StrictMark: Markdown, Refactored

chipotle_coyote · on Jan 29, 2021

From the spec:

> No double symbols, i.e. strong not *strong*.

I understand the rationale. But, this is immediately no longer Markdown. "It's 'Markdown, Refactored!'" If "refactored" means "incompatible," sure? I guess? But still: incompatible.

"So what?" Good question, imaginary interlocutor. Here's so what: one of Markdown's defining features, love or it hate it, is that it deliberately doesn't make you choose between emphasizing with * characters or emphasizing with _ characters, other than being consistent with the start and end. Use a single * or _ character, get emphasis/italics; use double, get strong/bold; you don't get underlines because you don't use those in typography.

The same is true for lists: only "-" is acceptable, not "+" or "". Fine, but there are a lot of Markdown documents that are out there that use "" as the list character, and I am sure there is at least one weirdo inexplicably using "+".

So StrictMark breaks every Markdown document that uses boldface, and probably about half the Markdown documents that use italics. (I don't know about other Markdown users, but over the years I have not been consistent with how I markup italics, for a variety of reasons.) And, it probably breaks about half the unordered lists in the wild, too.

I understand that this is being done for well-intentioned and noble reasons, but: it ain't Markdown. It's a new, incompatible plaintext markup system. This creates a bit of an uncomfortable point: if I'm going to have to redo all my documents (or just do things The New Way going forward), then why not switch to AsciiDoc or Textile?

gritzko · on Jan 29, 2021

StrictMark breaks nothing. The arrow is one way: Markdown code mostly supports StrictMark. One may say that "mostly" is bad, but an arbitrary Markdown implementation mostly supports an arbitrary Markdown document, so nothing new here.

For ~full MarkDown support there is CommonMark code.

splatcollision · on Jan 29, 2021

Markdown was engineered to be flexible _on purpose_ because it was designed for writers and readers, not programmers.

Writers are less likely to care about what symbol means "bulleted list item", as long as anything that makes sense for it, just works.

It's a mistake to think of Markdown as a programming language, or a "formal grammar".
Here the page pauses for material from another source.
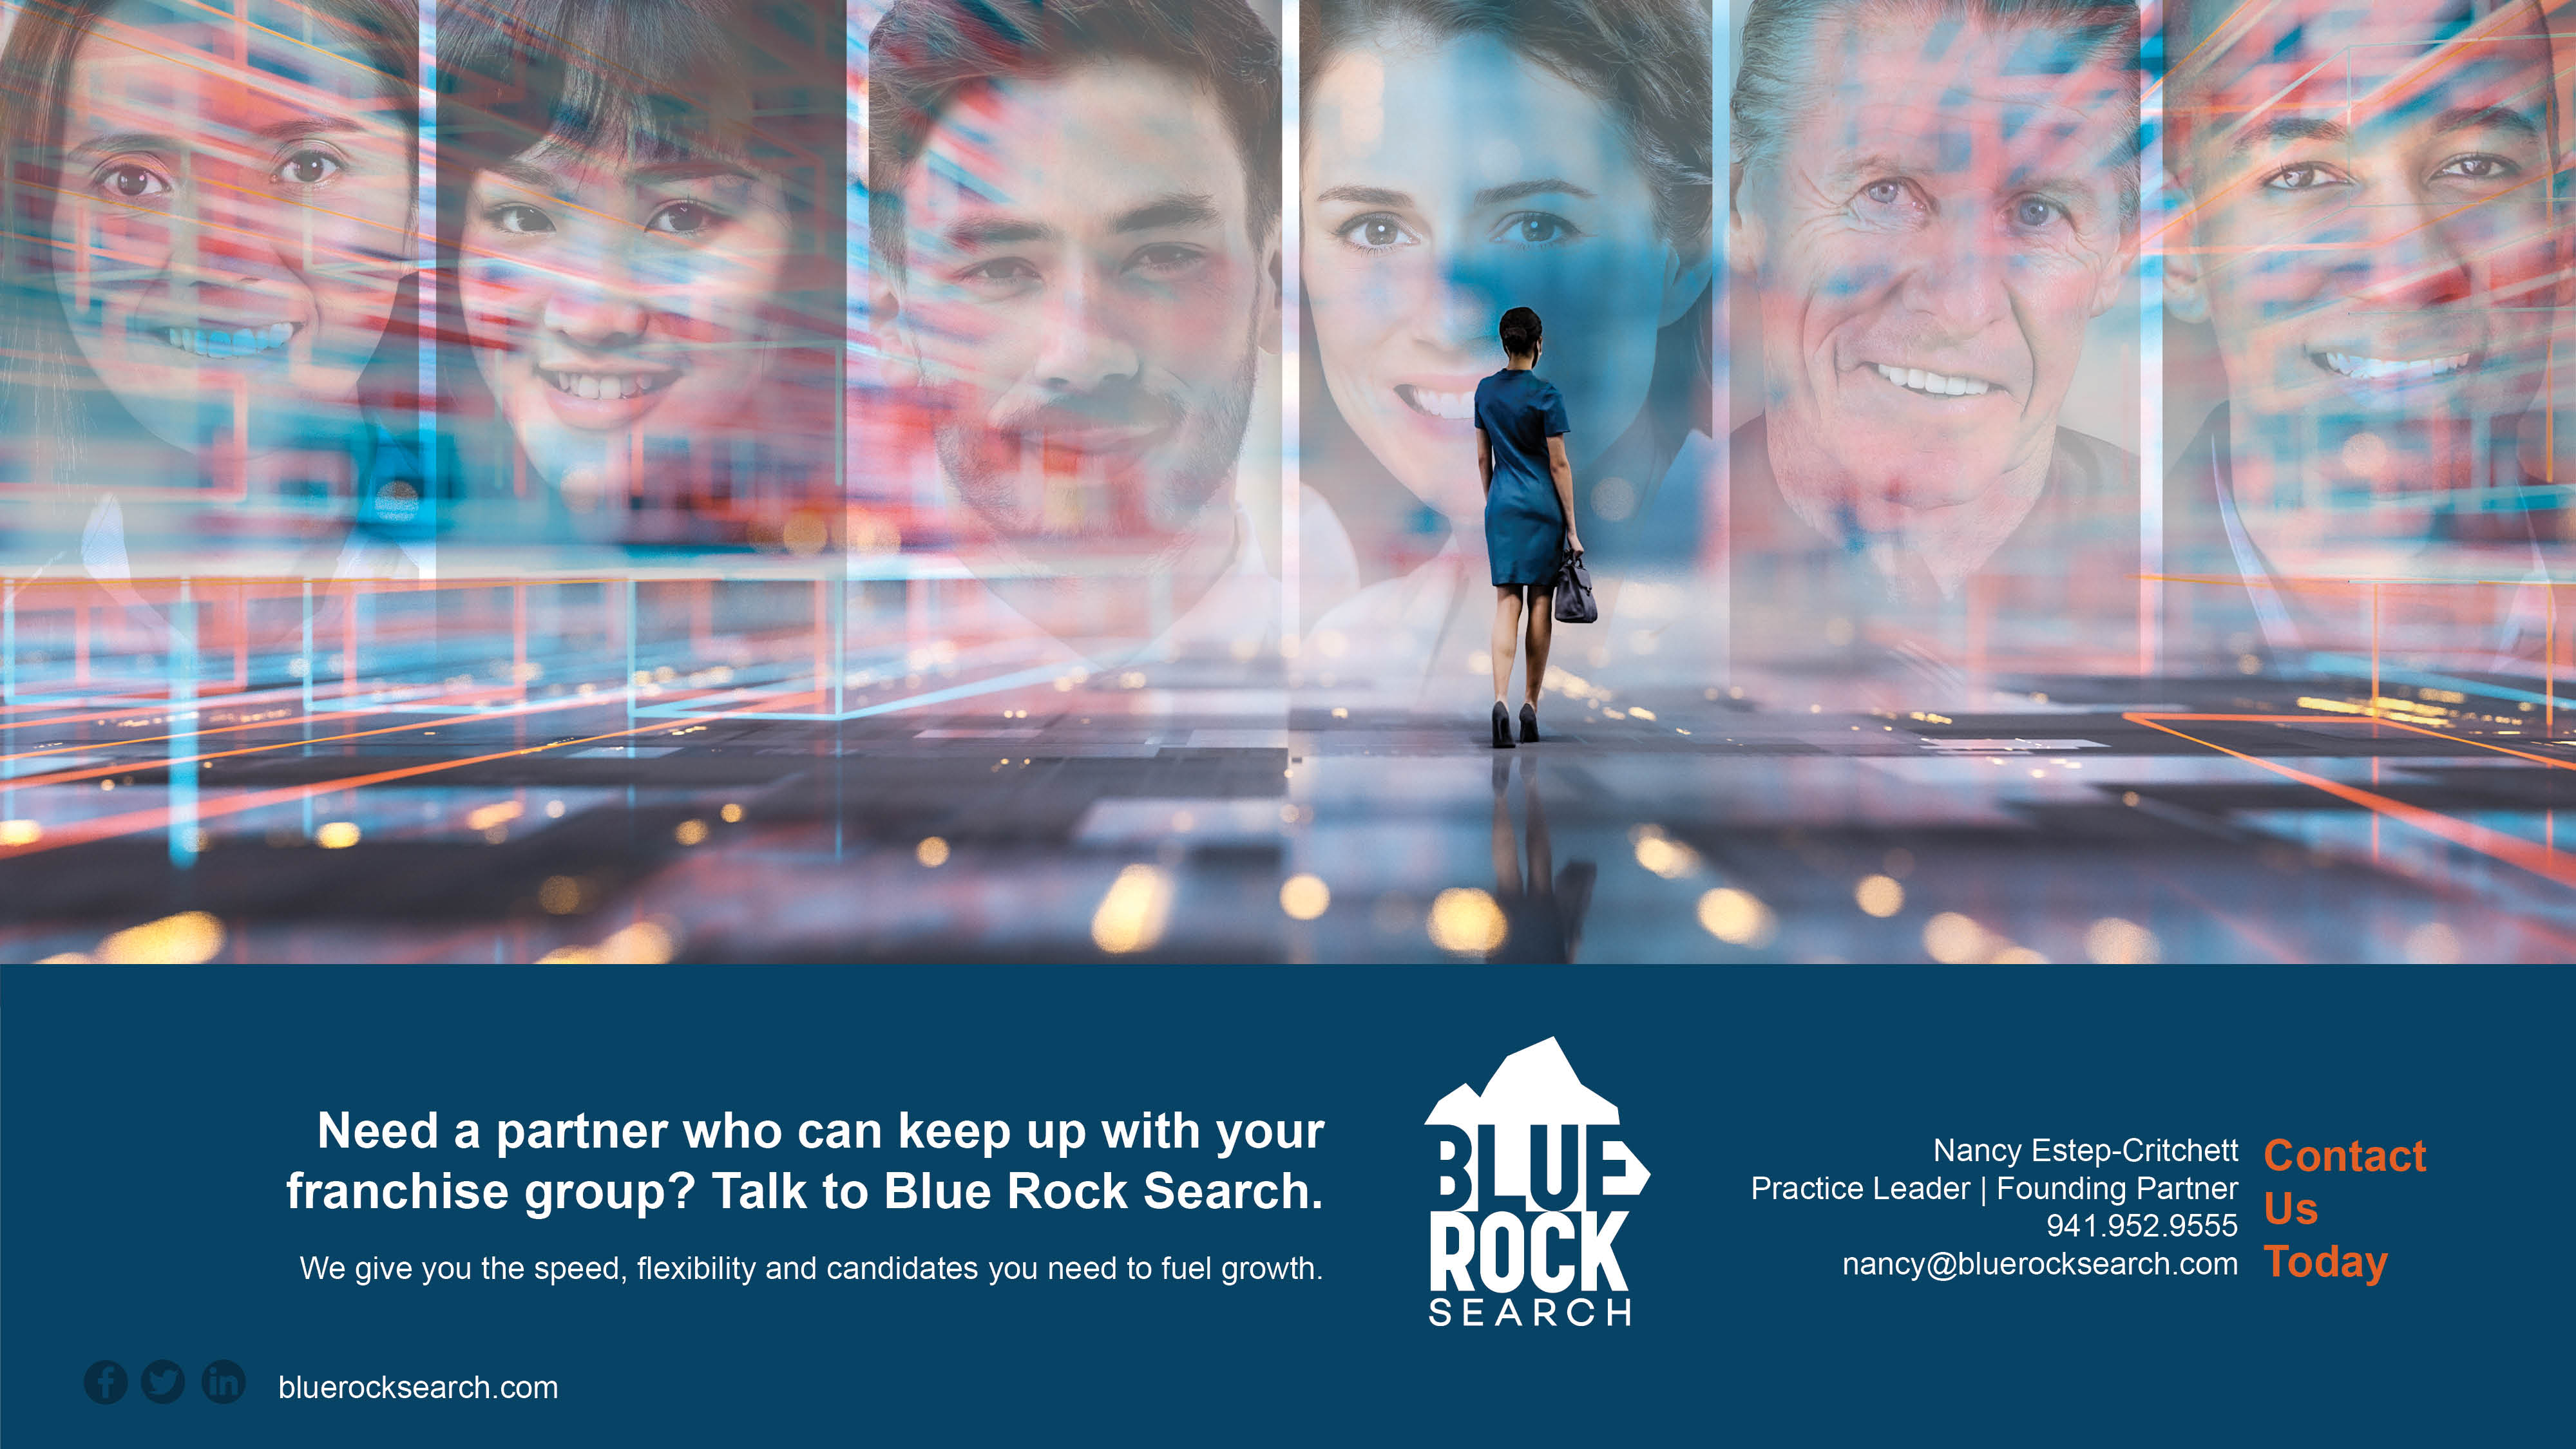 Blue Rock Franchise Images 3.22 6.jpg

That being said, if it works for you go for it...

nine_k · on Jan 29, 2021

If you want to render Markdown in a way other than plain text, you need formal rules of parsing it. No matter how informal you want Markdown to be, if you want e.g. a nicely rendered Readme on Githiub, you have to follow the formal rules.

ufo · on Jan 29, 2021

One downside of markdown being so flexible is that it's hard to remember if a given dialect implements a certain feature, or how it will handle a certain corner case

I think I see the appeal of specifying a robust subset of markdown, something that you can trust will probably be parsed the same way for as many dialects as possible.

FriedrichN · on Jan 29, 2021

I totally agree with this. It's quite annoying you never quite know what dialect some website is using, they never mention, because it seems very few of these dialects have names.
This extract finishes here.